Addressing the challenge, multilingual LLMs have been developed, but these models often suffer from significant trade-offs between performance, efficiency, and scalability, particularly when extending support across a broader spectrum of languages [Conneau et al., 2020]. The most common approach has been to train large universal models capable of understanding multiple languages. Yet, these models, such as BLOOM and Llama2, typically underperform in languages that are less represented in the training data due to the difficulty of balancing language-specific nuances [Smith et al., 2021, Zhang et al., 2020]. The development of SUTRA was motivated by the inherent limitations in existing multilingual LLMs. On the one hand there are language-specific LLMs like HyperClova in Korean or OpenHaathi in Hindi.
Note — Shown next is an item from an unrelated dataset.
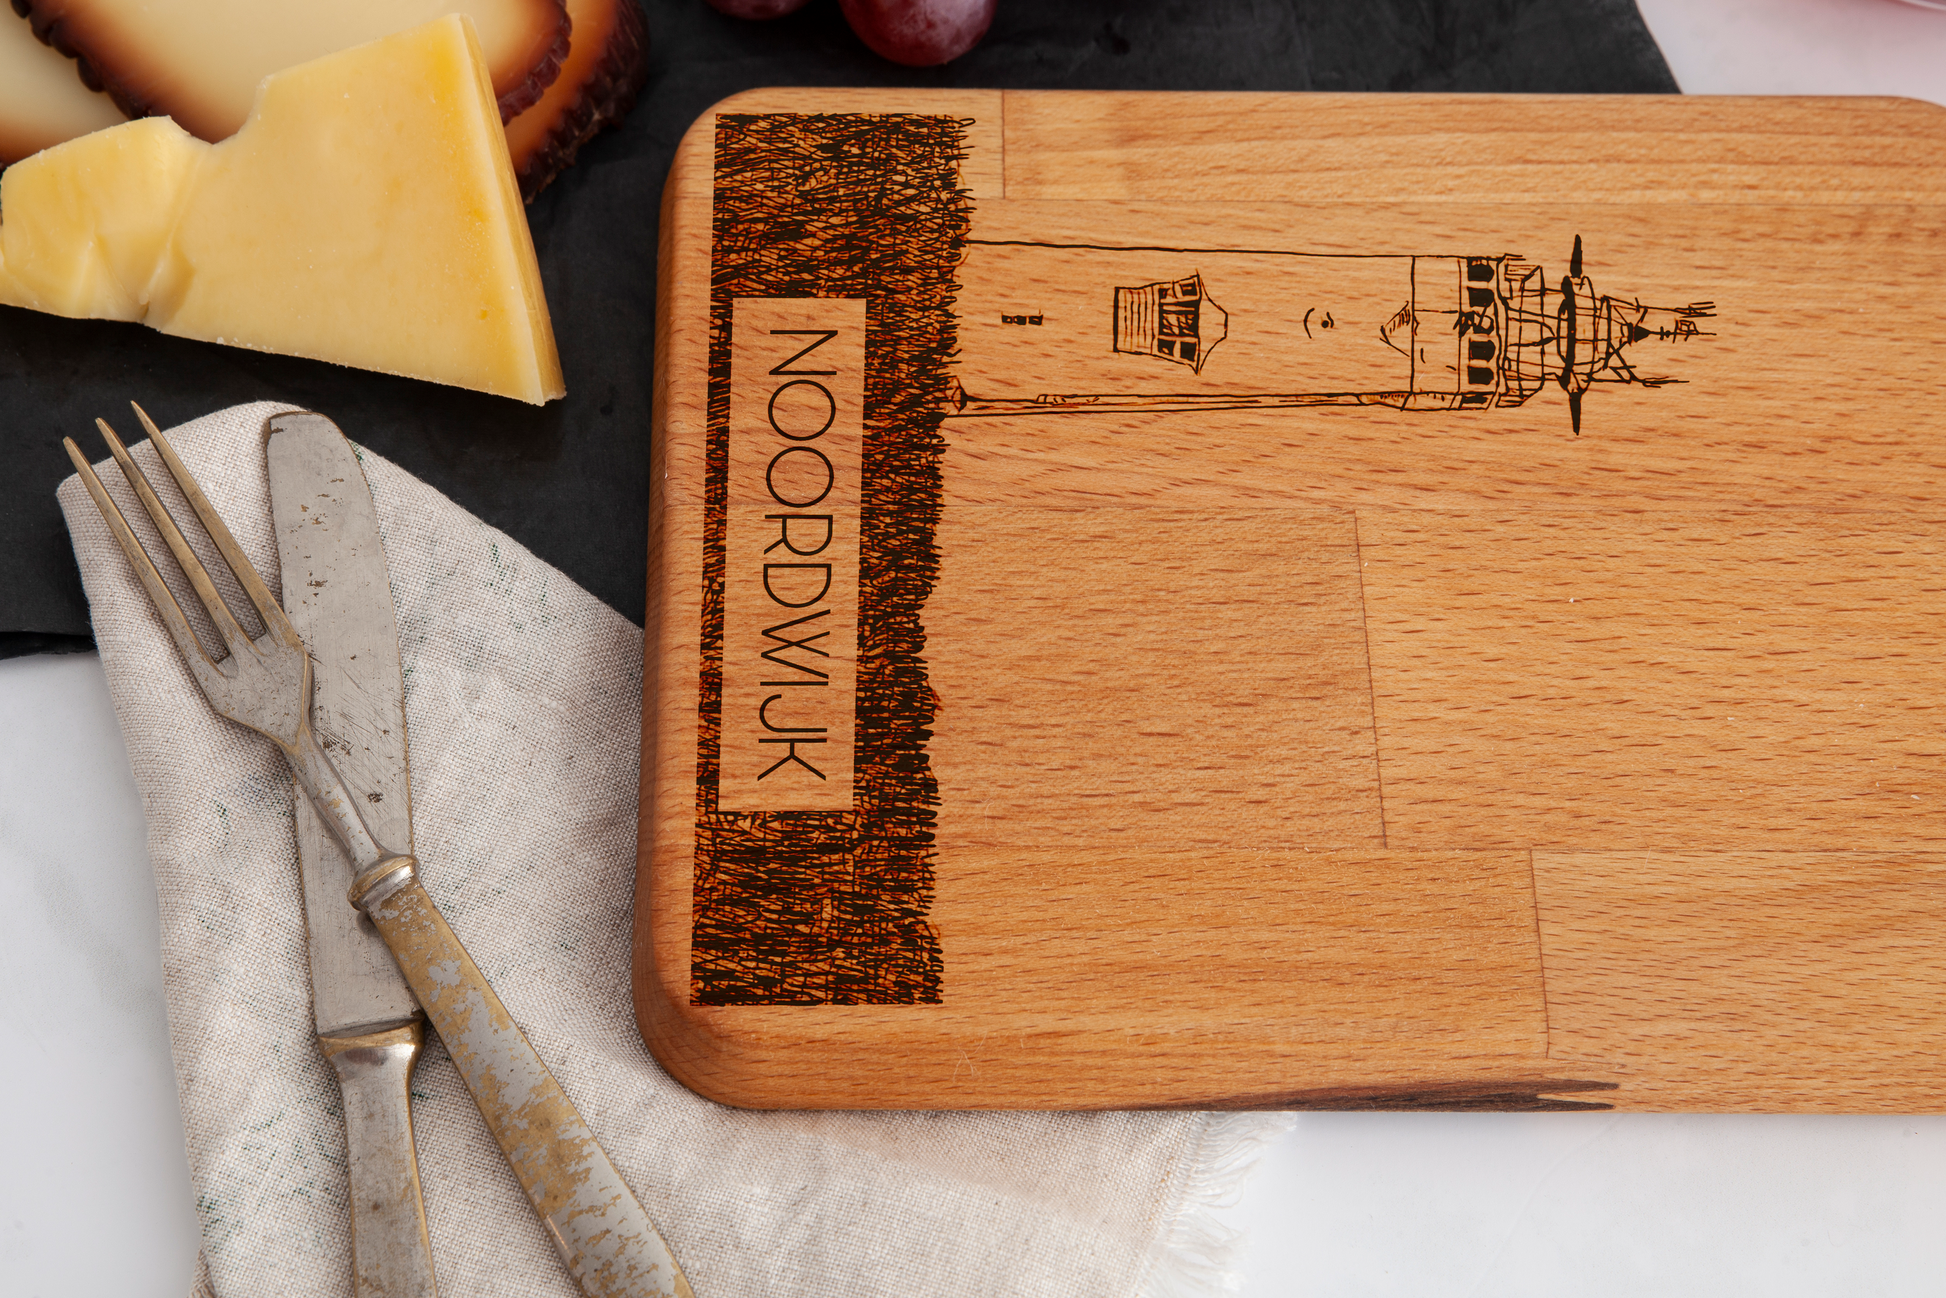 Noordwijk, Vuurtoren, cheese board, wood grain

Scaling and managing such models is not only costly, but challenging due to the exponential data and training requirements. Each time a new base model is created, it would require fine-tuning for many different languages. On the other hand large traditional LLMs like BLOOM and Llama2 struggle on multilingual tasks, as they have to balance learning core multilingual capabilities and skills, often resulting in confusion between languages. For example, when asking GPT a question in Korean, one might notice how formal and informal tones are often misplaced. SUTRA was developed to address two main challenges of existing multilingual LLMs: the high computational/scaling costs of language-specific models, and the difficulties larger models face with multilingual tasks (leading to language confusion).
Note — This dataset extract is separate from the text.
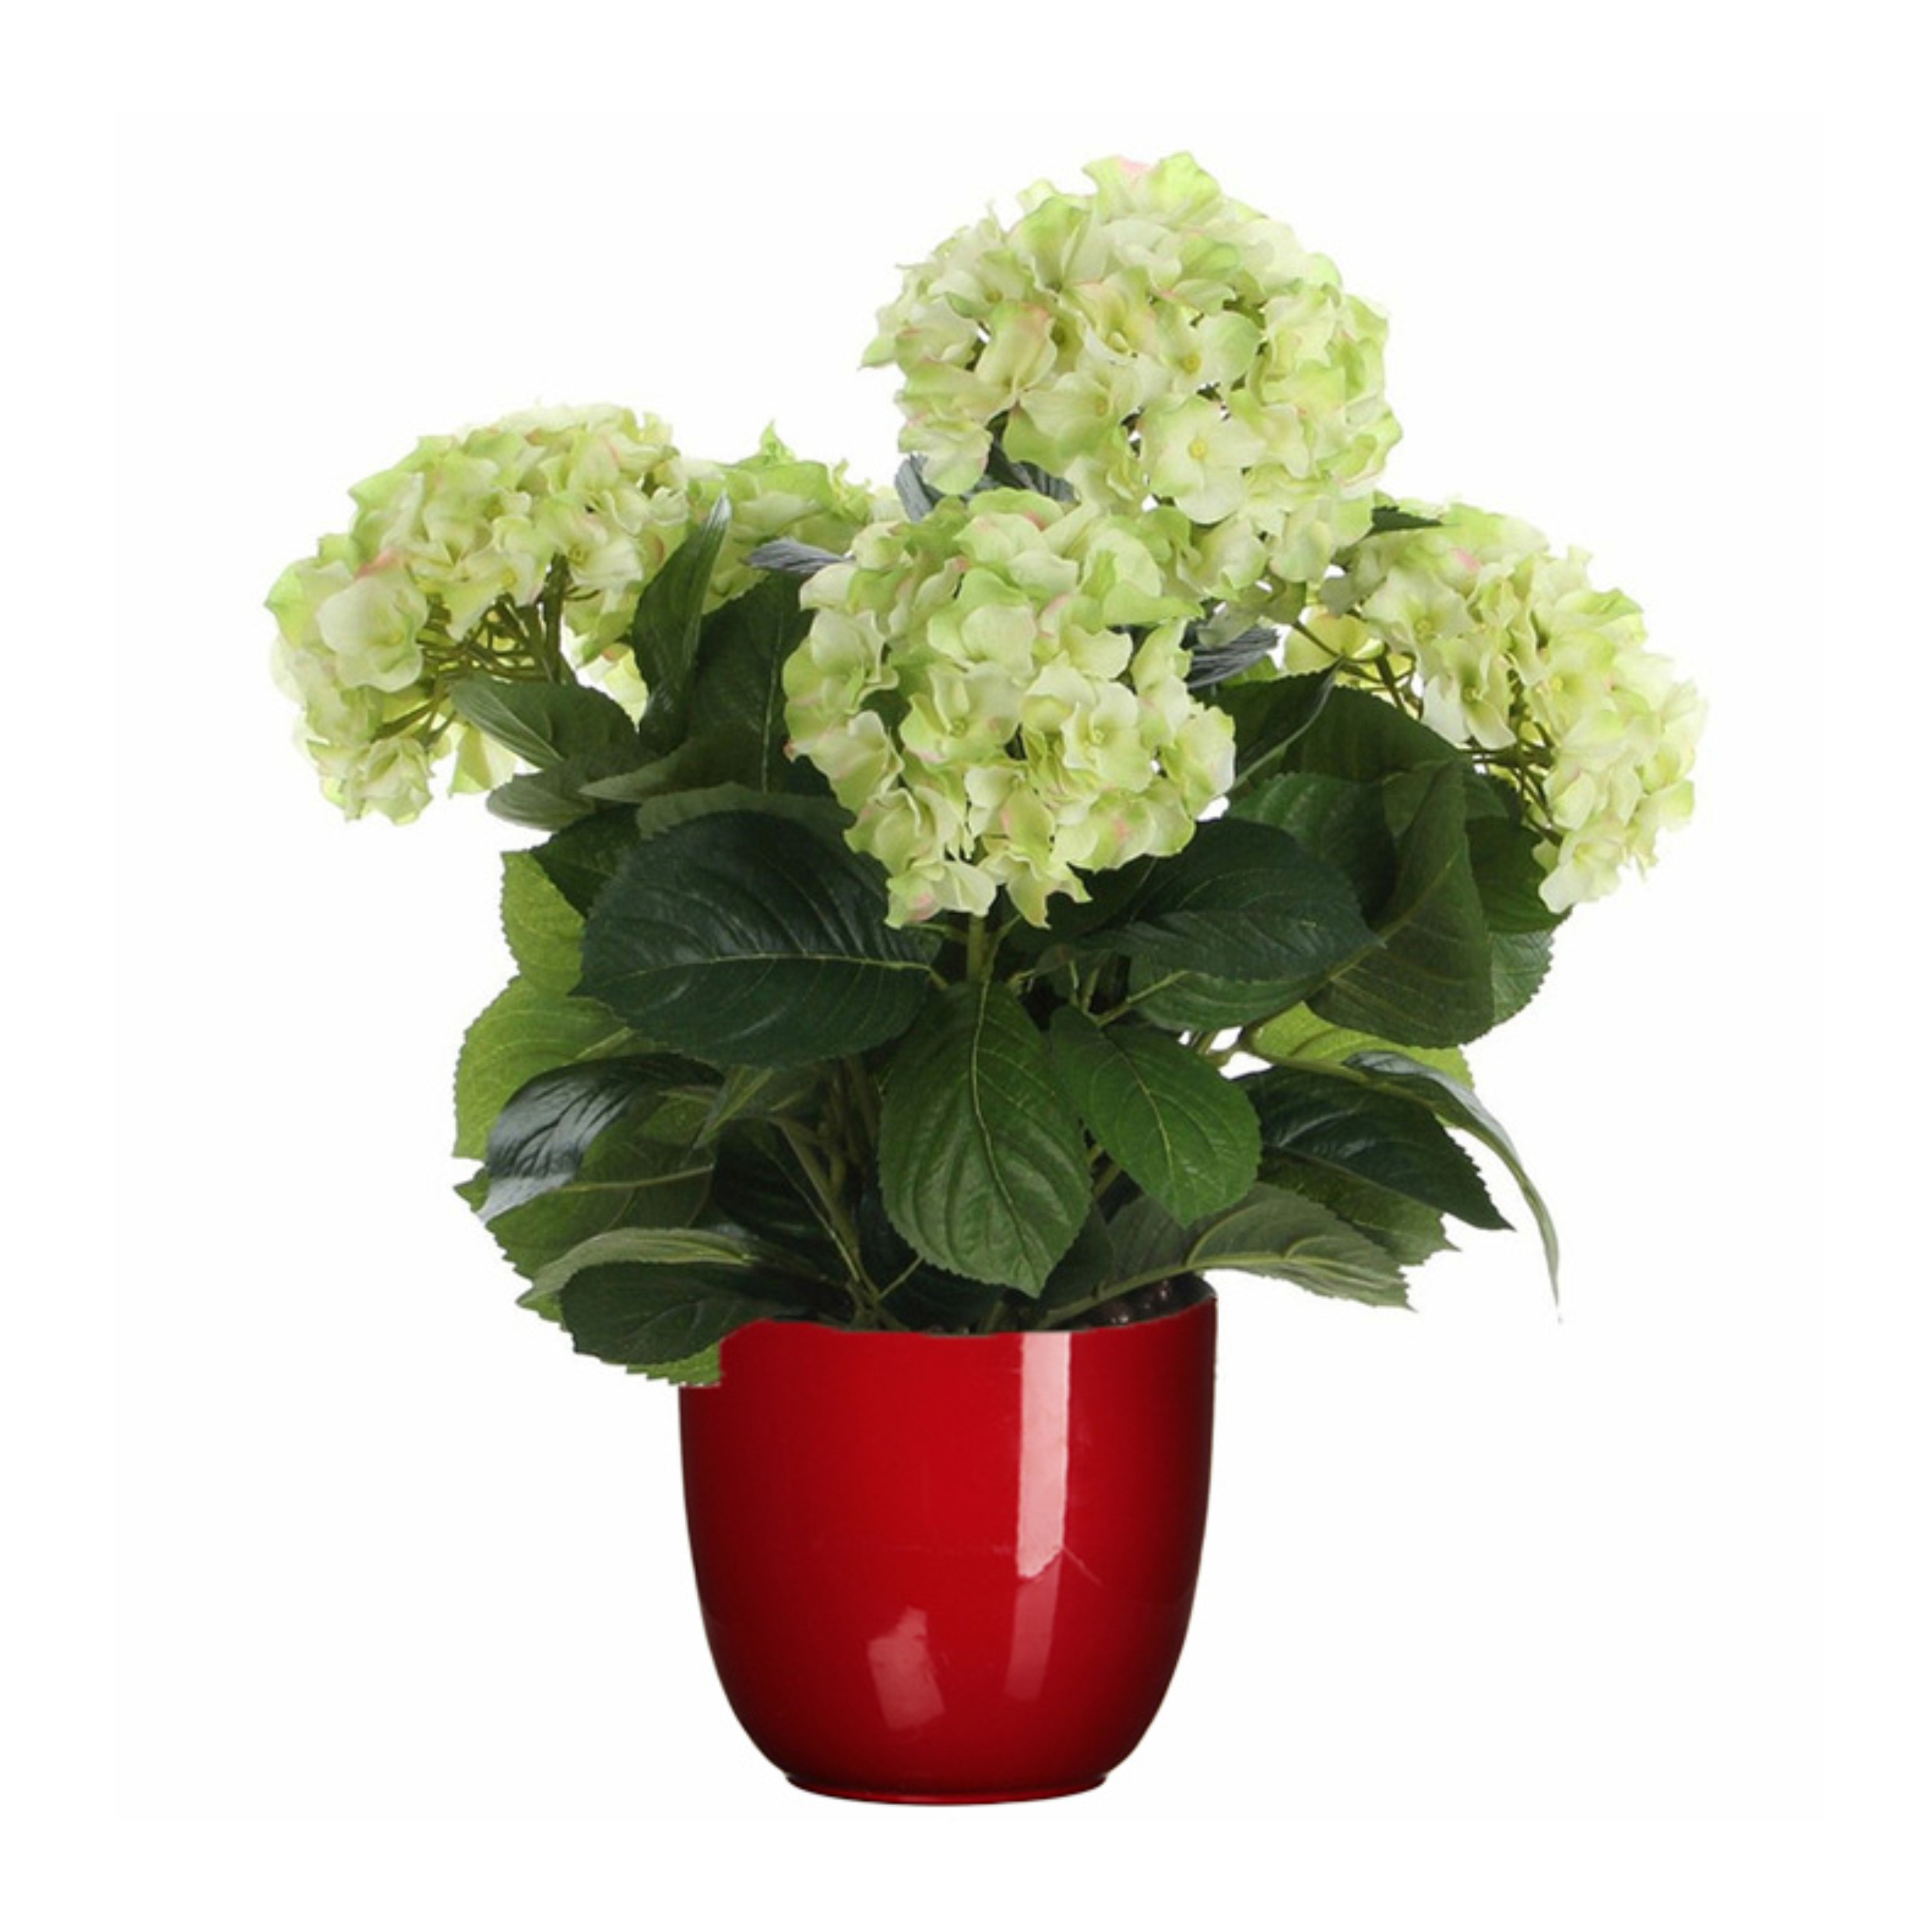 Hortensia kunstplant-kunstbloemen 45 cm groen in pot rood glans

In response to these limitations, we introduce SUTRA (Sanskrit for “thread”), a transformative approach in the architecture of multilingual LLMs. SUTRA uniquely separates the process of concept learning from language learning, as illustrated in Figure 1. SUTRA is a novel multilingual large language model architecture that is trained by decoupling concept learning from language learning. This architecture enables the core model to focus on universal languageagnostic concepts while leveraging specialized neural machine translation (NMT) mechanisms for language-specific processing, thus preserving linguistic nuances without compromising the model’s scalability or performance [Wu et al., 2019]. SUTRA employs a Mixture of Experts (MoE) strategy, enhancing the model’s efficiency by engaging only the relevant experts based on the linguistic task at hand [Shazeer et al., 2017]. Furthermore, SUTRA models are internet-connected and hallucination-free models that understand queries, browse the web, and summarize information to provide the most current answers, without loosing their multilingual capabilities. A combination of multilingual skills, online connectivity, and efficiency in language generation incorporated by SUTRA models promises to redefine the landscape of multilingual language modeling.
In the subsequent sections, we will outline the architecture of SUTRA, our training methodology, and present a comprehensive evaluation that demonstrates its superiority over contemporary multilingual models on several benchmarks, including the Massive Multitask Language Understanding (MMLU) tasks [Hendrycks et al., 2021]. By effectively decoupling concept learning from language processing, SUTRA sets a new paradigm in the development of LLMs, promising broader accessibility and enhanced performance across diverse linguistic landscapes.
The paper is organized as follows: First, we discuss related work in the context of SUTRA. Next, we describe the architecture and training methodology adopted. We then discuss the data used for training and provide both an evaluation of SUTRA’s multilingual as well as online cabailities. Finally, we discuss how to build more inclusive LLMs for the benefit of a wider community.